What are the potential consequences of non-compliance identified in a secretarial audit?

Non-compliance identified in a secretarial audit can have several consequences, including:

  • Penalties and fines imposed by regulatory authorities.
  • Legal disputes and litigation.
  • Reputational damage to the company.
  • Adverse impact on business operations and contracts.
  • Loss of investor confidence.
  • Potential liability for directors and officers of the company.
How often should a secretarial audit be conducted in India?
As per the Companies Act, 2013, a secretarial audit must be conducted annually by eligible companies. The secretarial auditor provides an annual secretarial audit report to the company's board of directors.
Can a company voluntarily opt for a secretarial audit even if it is not mandatory?

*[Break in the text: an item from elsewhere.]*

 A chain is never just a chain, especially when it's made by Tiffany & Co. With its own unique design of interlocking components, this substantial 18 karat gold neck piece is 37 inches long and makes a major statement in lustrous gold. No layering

Yes, a company can voluntarily opt for a secretarial audit even if it is not mandatory for them. Conducting a secretarial audit voluntarily can help ensure good corporate governance practices, identify areas of improvement, and enhance compliance with applicable laws and regulations.
Can the findings of a secretarial audit be challenged or disputed?

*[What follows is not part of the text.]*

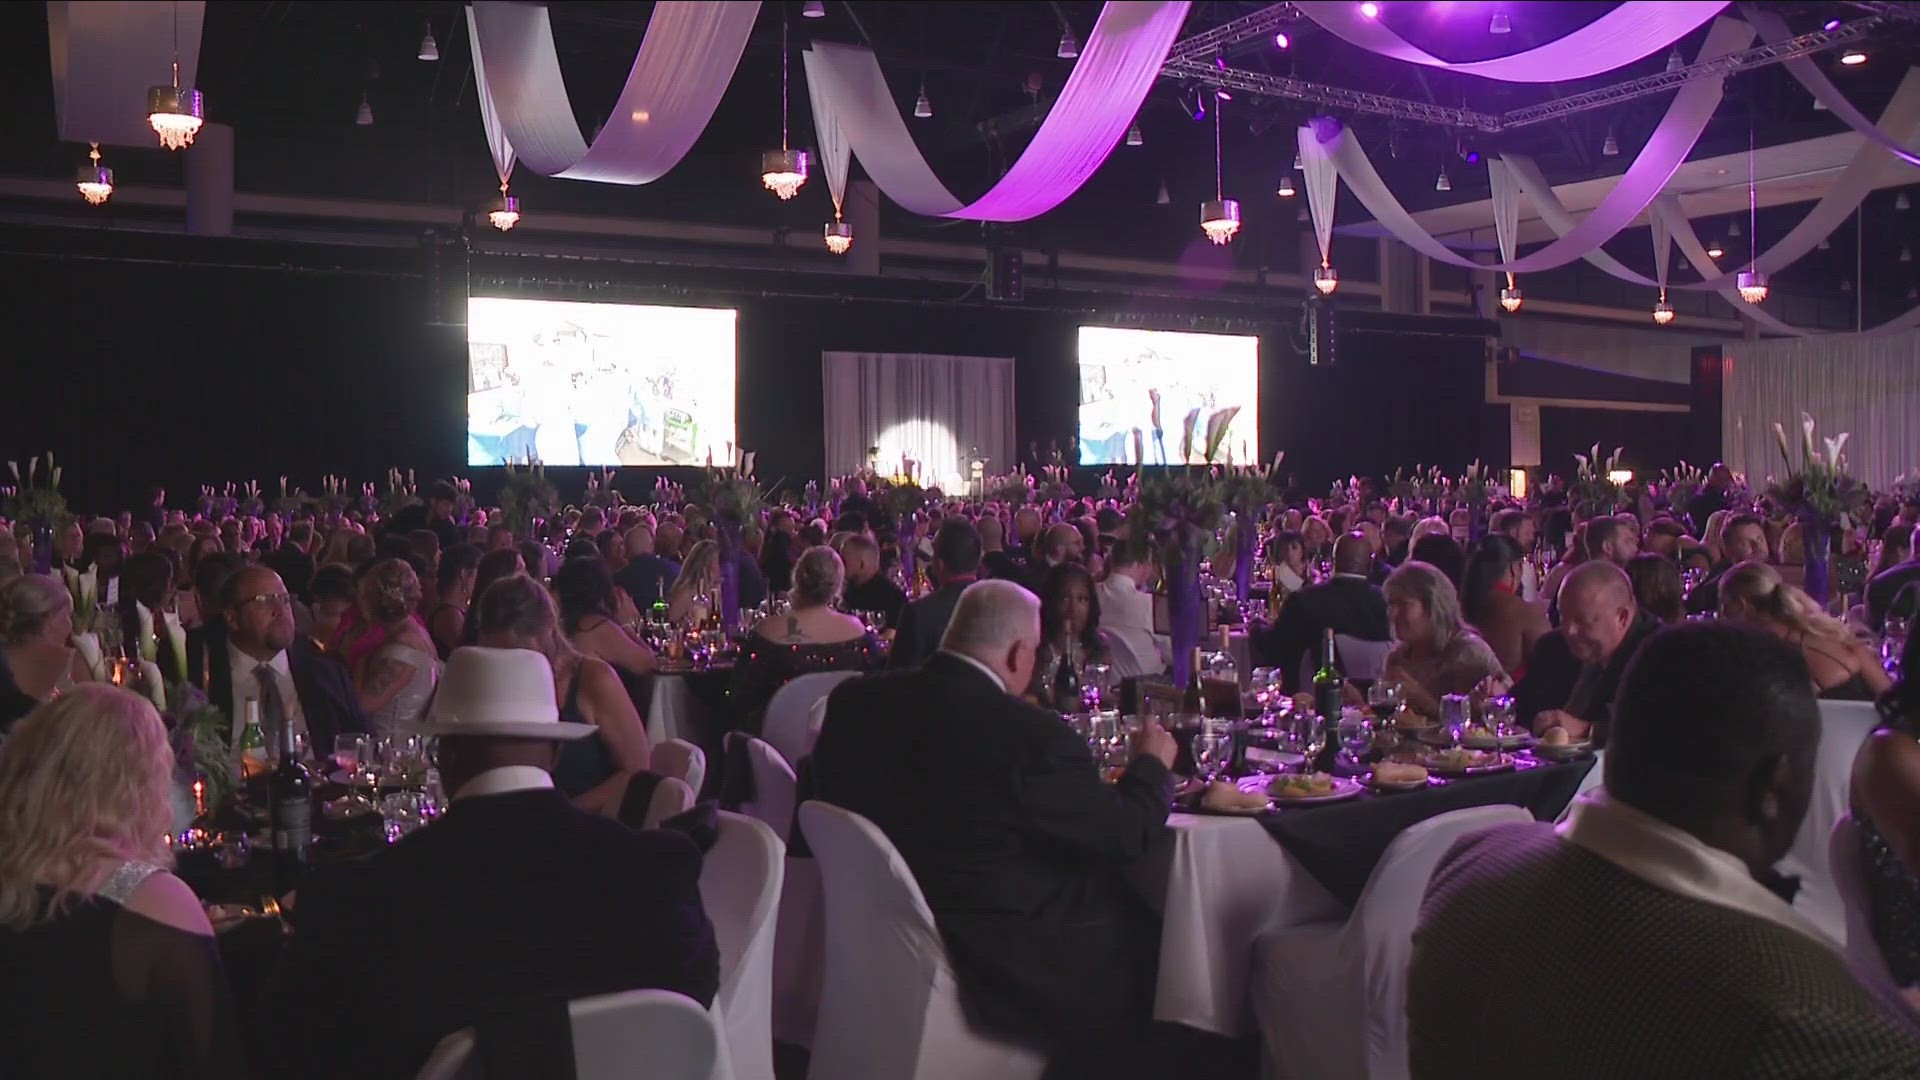 Erie County Medical Center honored its health care professionals on Saturday night at the annual gala.

The findings of a secretarial audit can be challenged or disputed if there are valid grounds for disagreement. In such cases, the concerned company can present its case and provide supporting evidence to contest the findings. However, it is essential to consult legal experts for appropriate guidance in such situations.
How can a company address the recommendations provided in a secretarial audit report?
A company can address the recommendations provided in a secretarial audit report by taking appropriate corrective actions. This may involve rectifying non-compliance issues, improving internal control systems, enhancing record-keeping practices, and implementing the necessary changes to align with regulatory requirements. Consulting a qualified professional, such as a company secretary, can help in effectively implementing the recommended measures.
What is a secretarial audit for private companies?
A secretarial audit for private companies is an independent examination of the company's compliance with applicable laws, rules, and regulations governing corporate governance and secretarial practices. It assesses the company's adherence to statutory requirements, maintenance of records, and compliance with procedures related to board meetings, shareholder meetings, filings, and other secretarial aspects.
Why is a secretarial audit necessary for private companies?
A secretarial audit is necessary for private companies to ensure compliance with legal and regulatory requirements. It helps identify any non-compliance issues, gaps in corporate governance practices, and potential risks. Conducting a secretarial audit promotes transparency, accountability, and good governance within the organization.
Who can conduct a secretarial audit for private companies?
A secretarial audit can be conducted by a qualified company secretary or a professional firm specializing in secretarial audit services. It is important to engage an independent and experienced auditor who possesses the necessary expertise and knowledge of corporate laws and secretarial practices.
What are the critical areas covered in a secretarial audit for private companies?
A secretarial audit typically covers various areas, including compliance with company law provisions, maintenance of statutory registers and records, the conduct of board meetings and shareholder meetings, filing of necessary forms and returns with regulatory authorities, adherence to corporate governance guidelines, and compliance with applicable secretarial standards.
What is CS Professional Secretarial Audit?
CS Professional Secretarial Audit refers to the examination and verification of a company's compliance with the provisions of various corporate laws and regulations. It is conducted by a Company Secretary (CS) to ensure that the company follows good corporate governance practices, maintains statutory registers and records, and complies with applicable laws and regulations.